На одной из улиц Могилева корнета встретил знакомый офицер. Офицер сказал:
— Хан! У вас на шее веревка болтается, спасайтесь.
Сам он был переодетым.
Выехать из Могилева было уже нельзя: ни на лошади, ни на автомобиле. Корнет Хаджиев решил идти пешком.
Дождался сумерек и вместе с двумя другими офицерами—полковником Каит-Бековым и капитаном Поповым—благополучно выбрался из города. К 11 часам ночи путники были уже в Быхове и хан-Хаджиев сделал обстоятельный доклад генералу Корнилову о могилевских событиях. Верховный главнокомандуюший внимательно выслушал своего адъютанта, прочитал записку ген. Дидерикса и сказал:
— Все говорит за то, хан, чтобы мы отсюда поскорее выбирались. Собирайте свои вещи. В 12 часов ночи мы выступаем. Текинцы готовы?
— Так точно, Ваше Высокопревосходительство, готовы.
Генерал молча прошелся по комнате, потом остановился и сказал:
— Ну, хан, буду собираться и я. Много ли мне брать, хан?
— А много ли у вас есть, Ваще Высокопревосходительство?
Генерал взял мыло, полотенце, несколько свечей, собрал небольшой сверток и приготовился к выходу. Предварительно он послал корнета хана-Хаджиева вызвать коменданта подполковника Эргарт.
Верховного главнокомандующего охраняли текинцы - три эскадрона и рота георгиевского батальона. Текинцы всецело были на стороне генерала и готовы были по первому требованию выполнить все, что им прикажет охраняемый ими узник. Георгиевцы, наоборот, были враждебно настроены к ген. Корнилову, и совнарком полагал, что из-под охраны георгиевцев генералу не уйти.
У коменданта корнет Хаджиев встретил трех офицеров-ударников, приехавших, по их словам, в Быхов за генералом Корниловым. Их батальон 10-го должен был выступить из Могилева, офицеры предлагали свои услуги генералу—не найдет ли он возможным присоединиться к ним и уйти из быховского пленения с их батальоном.
Корнет Хаджиев немедленно же вернулся от коменданта и довел до сведения генерала о желании и предложении офицеров-ударников.
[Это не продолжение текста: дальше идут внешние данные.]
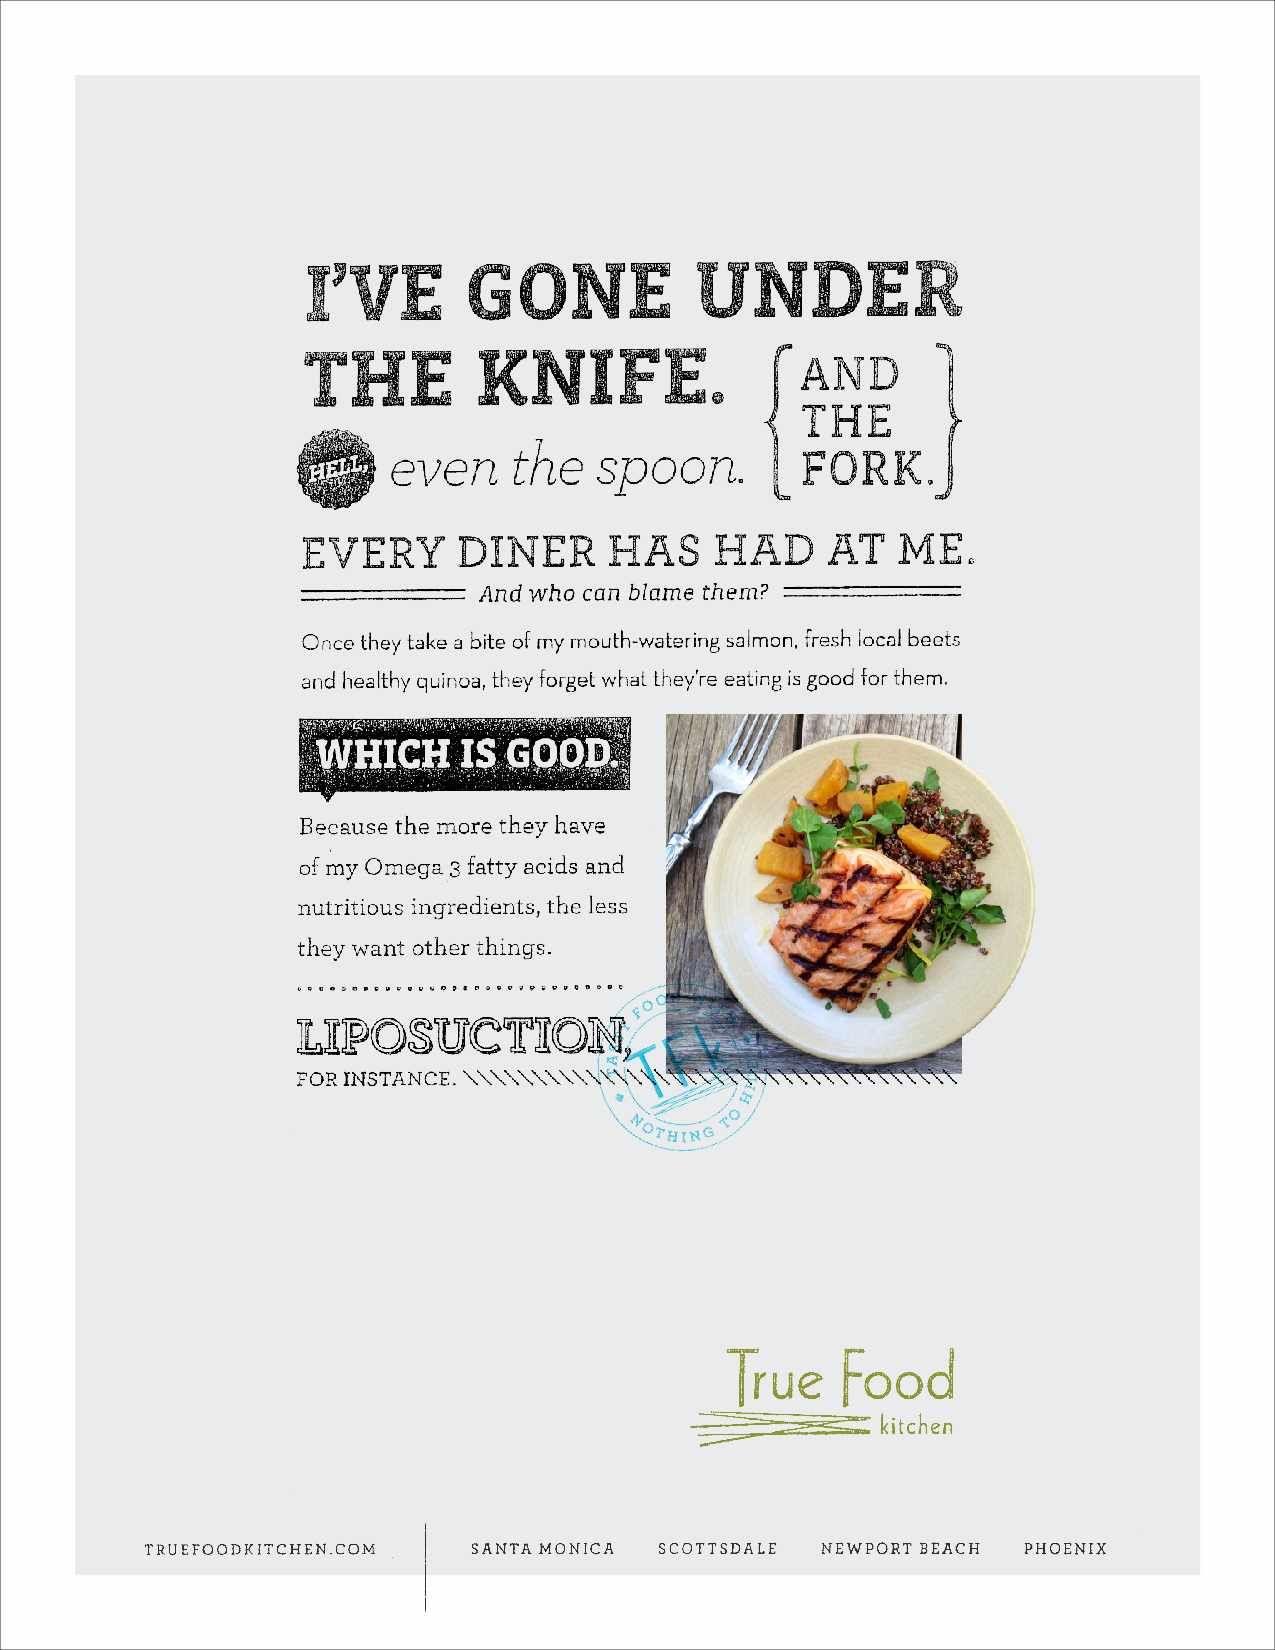 True food kitchen salmon advertising pinterest true food true food kitchen salmon forumfinder Gallery

Генерал через адъютанта поблагодарил офицеров и просил передать им, что если он и выступит из Быхова, то только с верными текинцами, сейчас же уходить он не собирается.
По-видимому, генерал Корнилов не особенно доверял неизвестным дня него офицерам.
В то же самое время шли приготовления к выступлению.
Через пять минут мы выступаем, - сказал генерал корнету Хаджиеву.
Генерал надел полушубок, взял башлык и взял шапку. Потом помолился.
— Хан, никогда я не забуду этой ночи. Начинается новая жизнь. Дай Бог благополучно нам добраться до Дона.
Потом корнету Хаджиеву он отдал распоряжение оцепить взводом текинцев все входы и в случае тревоги немедленно же явиться на помощь.
Генерал вышел. У входа его дожидался комендант подполк. Эргарт и поручик Камков; в сопровождении их генерал вошел в караульное помещение, где начальник охраны георгиевцев прапорщик Гришин ждал генерала.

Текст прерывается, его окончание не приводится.